Bo jeśli ktoś był pod wpływem czegoś lub kogoś to raczej by nie zrobił by tego sam od siebie.
Jeśli zdrada nastąpiła z chęcią od człowieka na którym nam zależy.. to będzie trudniej.
Możemy mu zrobić awanturę i wyprowadzić się na kilka dni.
Z mieszkania, a nawet i z serca.
Ale czy to będzie koniec ?
Jeśli zbudujemy związek na szczerości i zaufaniu moglibyśmy pomyśleć nad następną szansą.

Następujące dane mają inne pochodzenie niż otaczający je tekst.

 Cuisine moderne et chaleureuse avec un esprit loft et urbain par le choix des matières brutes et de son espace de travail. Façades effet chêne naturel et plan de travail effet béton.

Chyba każdy może ją dostać.. każdy popełnia błędy i powinien otrzymać jakąś ulgę.
Przecież jesteśmy tylko ludźmi ;))
Jeśli się uda, jest to zapewne osoba do której naprawdę pasujemy.
Jeśli nie, możliwe że to wszystko mogło być błędem.

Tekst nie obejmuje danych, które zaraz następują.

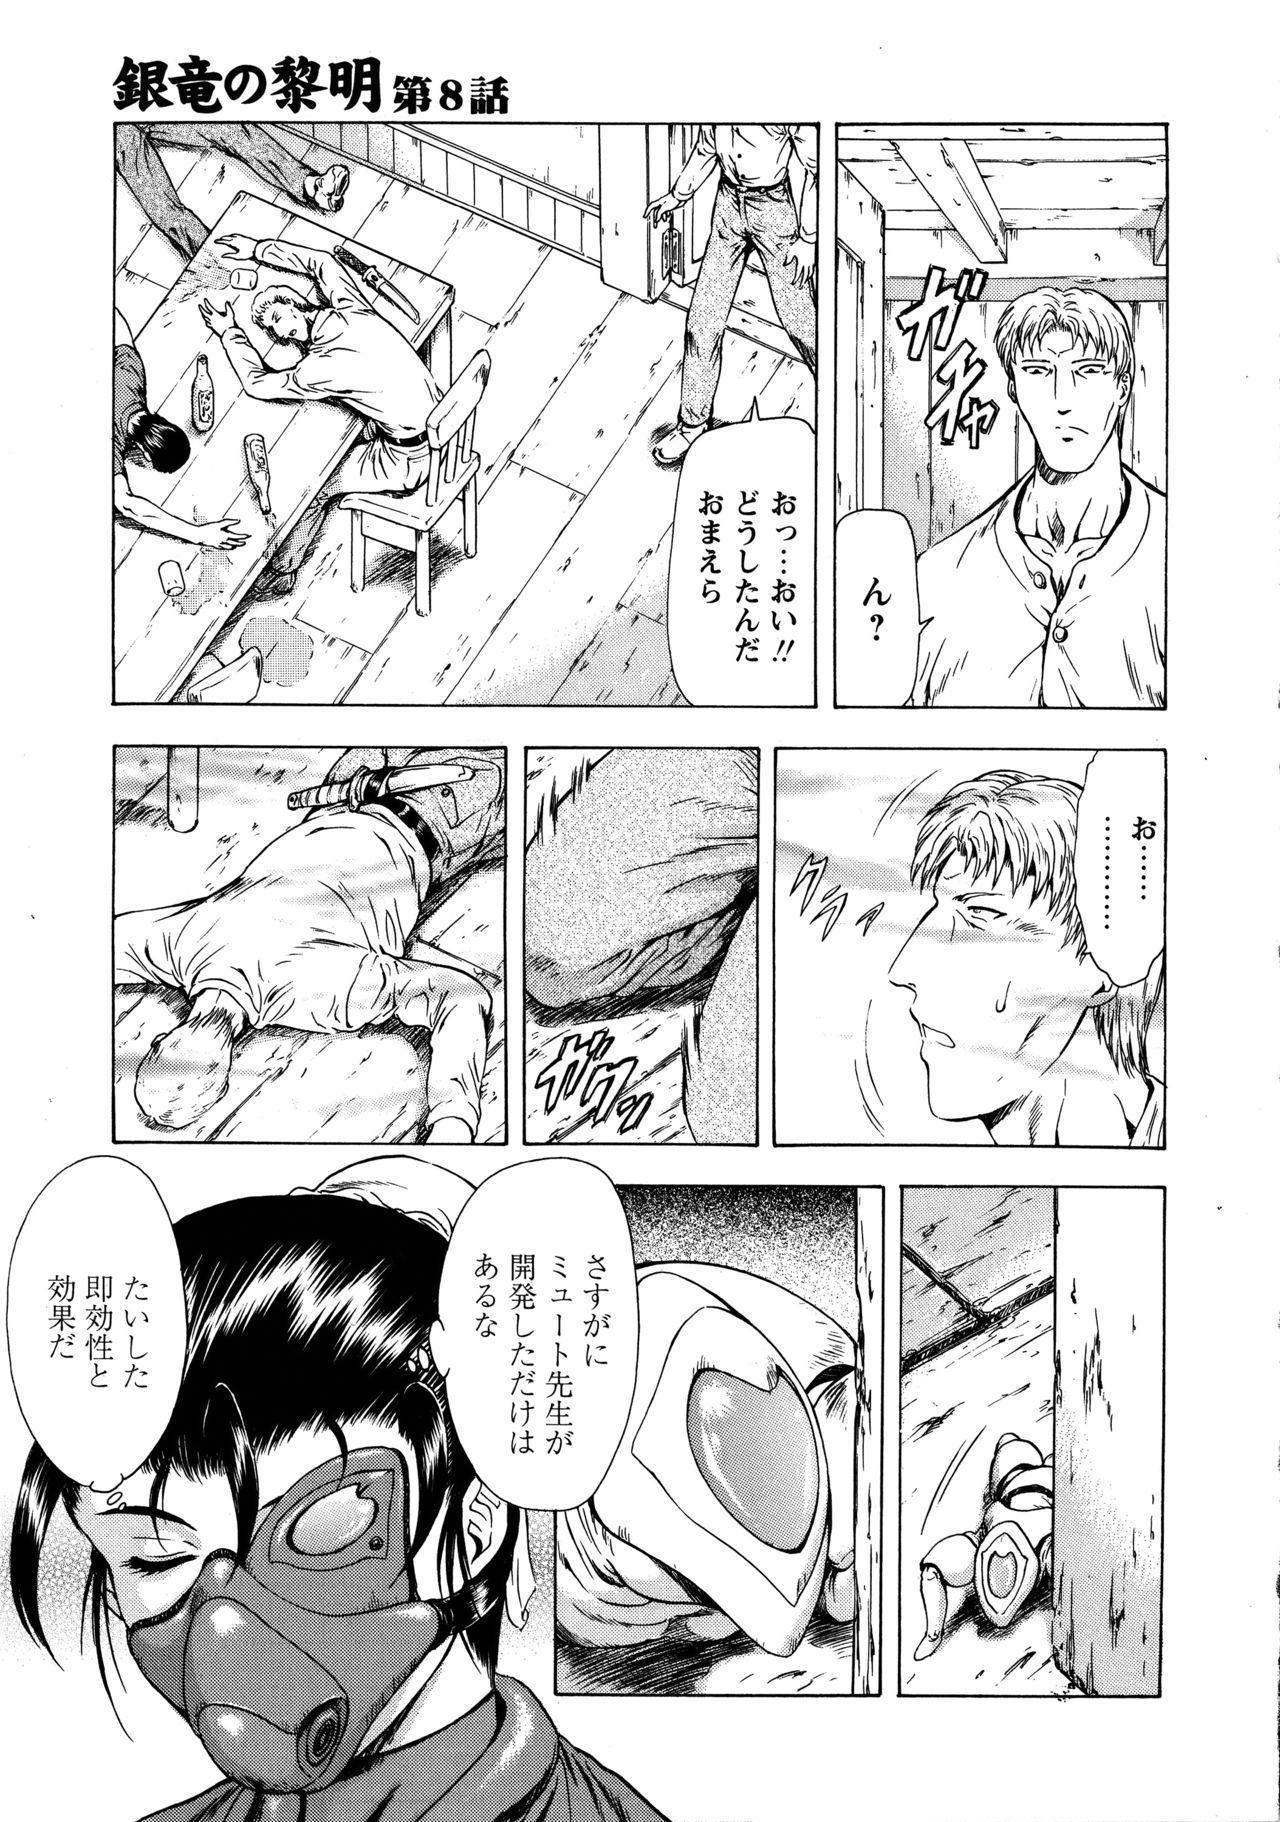 Ginryuu no Reimei Vol. 1 156
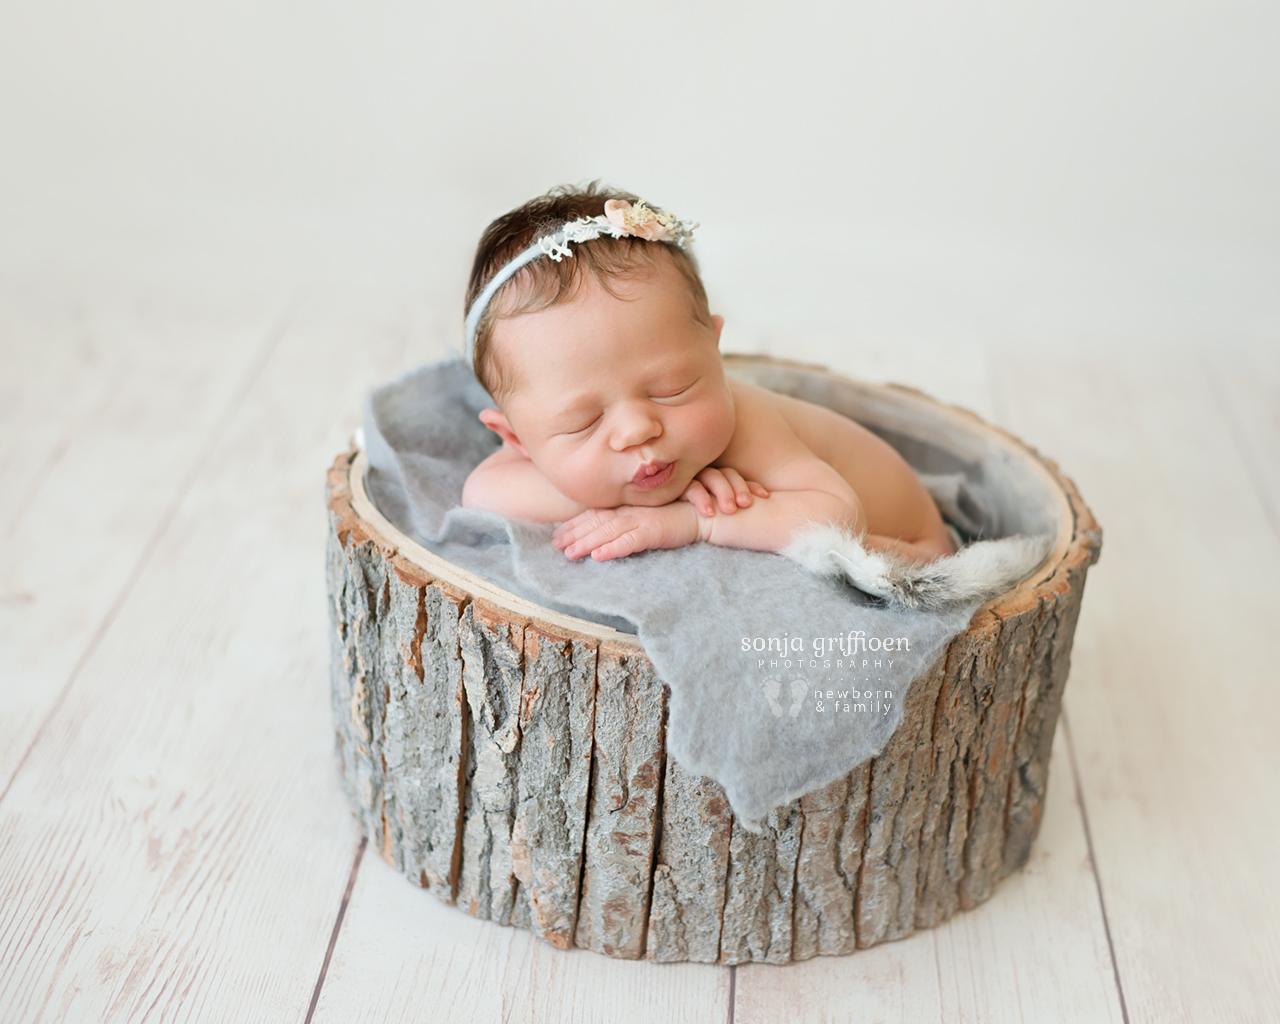 Michelle-Ivy-Newborn-Brisbane-Newborn-Photographer-Sonja-Griffioen-11.jpg

A co jeśli prowadzimy życie idealne..
"Kochasz to jesteś, nie to nara piątka"- HG_Dwa spojrzenia.
Czy będziemy aż tak zadumani, że nie będziemy mogli wybaczyć czegokolwiek innemu ?
To nie jest łatwe. Dużo rzeczy kiedyś w końcu się zepsuje.

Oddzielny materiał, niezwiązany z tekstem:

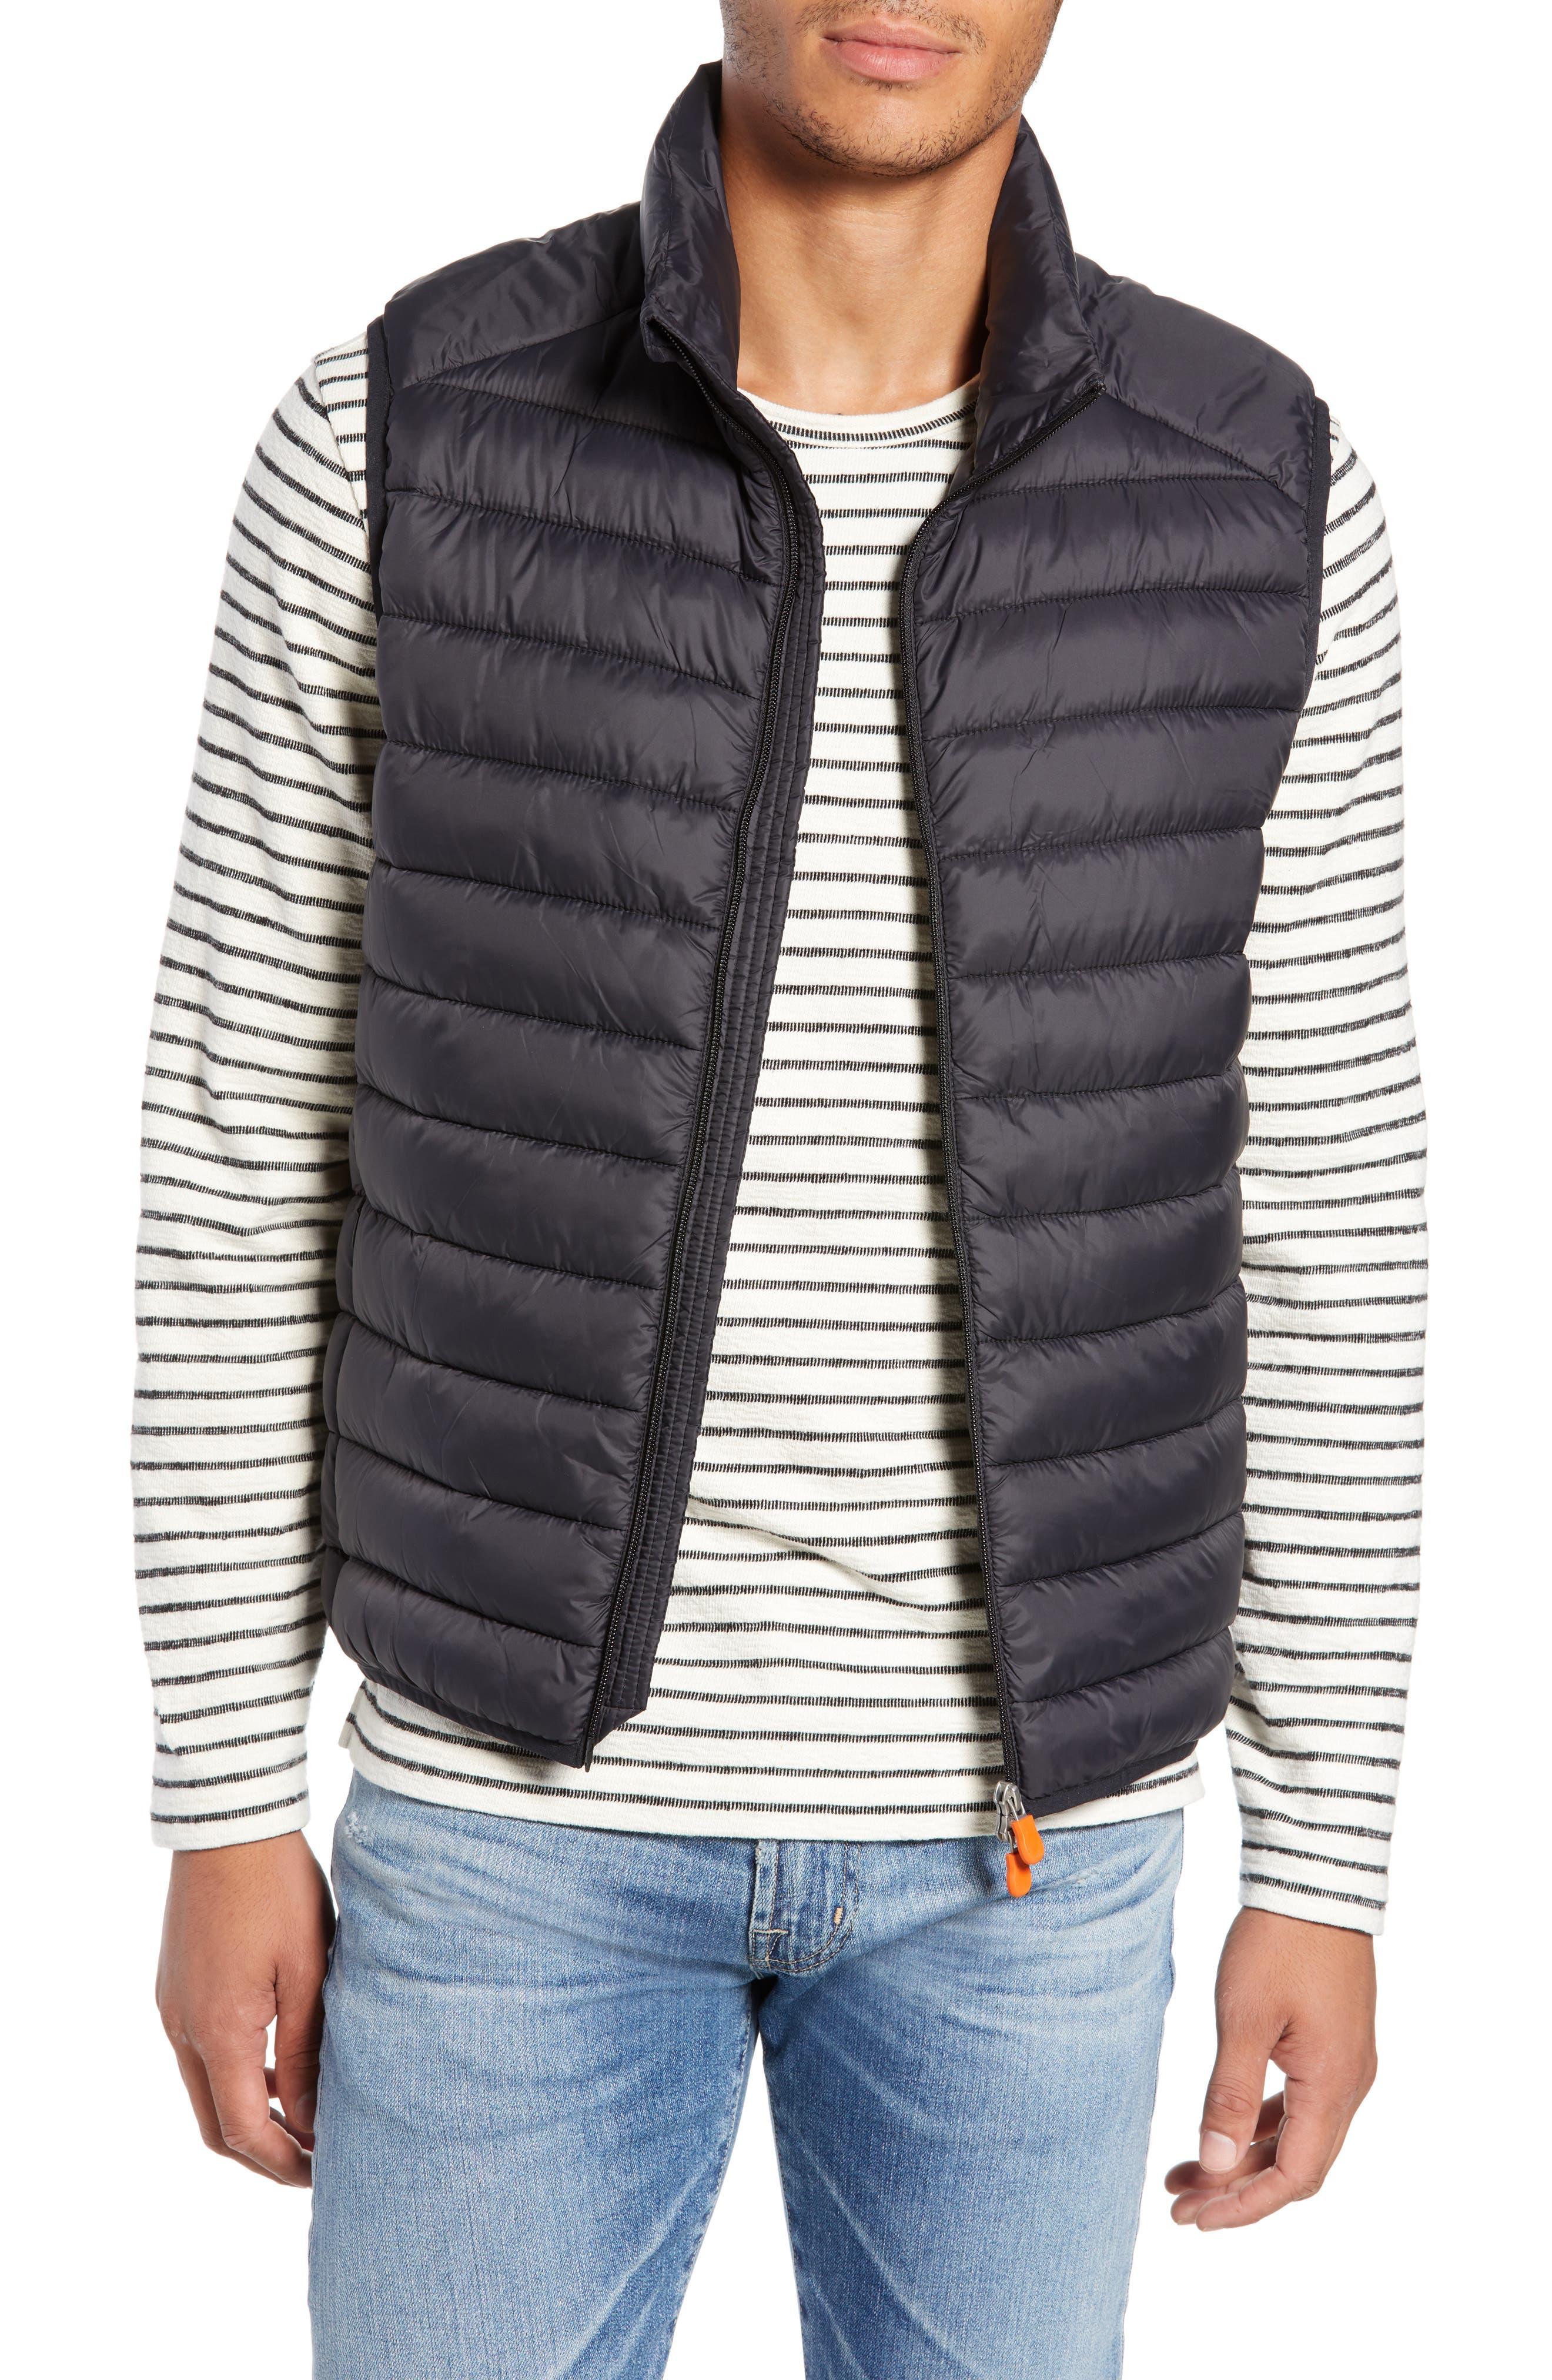 Lightweight Packable Vest,                             Main thumbnail 1, color,                             BLACK

Albo to naprawimy, albo wyrzucimy.
Czy warto naprawiać krzywdę, którą nam wyrządzono?
Będziemy pamiętać wszystkie bóle, ale nie damy szansy by coś naprawić ?
Okej.
Porzućmy krzywdzącego.
Zrobisz to z łatwością?
- Ja bym nie potrafiła.
W moim sercu zostałaby wielka dziura, której nie mogłabym niczym wypełnić.
Żałowałabym, że odrzuciłam od siebie tak dobrą osobę.
-Dobrą? Ale ona przecież cię zdradziła !
-I co z tego.
Nie liczy się już to, co było między nami?
Łatwo jest odchodzić i mieć na wszystko wyjebane.
Ale po pewnym czasie i tak sumienie nie da Ci żyć, że spierdoliłeś kontakt z ludźmi.
Łatwo jest ujrzeć, czy człowiek się stara o drugiego czy nie.
Jeśli oczy tego nie widzą, to może serce..
Jak napisała Ola :
"Nie da się tego udowodnić w ciągu minuty, godziny, tygodnia..
jeśli się coś dla kogoś znaczy,
czuje się to przez sposób w jaki on się do ciebie odnosi,jak Cię traktuje "
Gorzej jest, jeśli ktoś o nas nie walczy.
Czujemy się bezużyteczni, nic nie warci. Przynajmniej ja..
Możemy próbować i to my możemy zawalczyć o tę osobę..
jeśli się nie uda po wielu próbach, ja dałabym spokój. Nie warto jest marzyć o kimś, kto nas nie chce, odrzuca.
Nie wiem czy nadaje się to na jakieś przemyślenia.
Napisałam swój tok myślenia. Na pewno znajdą się osoby, które to skrytykują i ocenią na zero.
Takie mam podejście, i będę się według niego trzymać.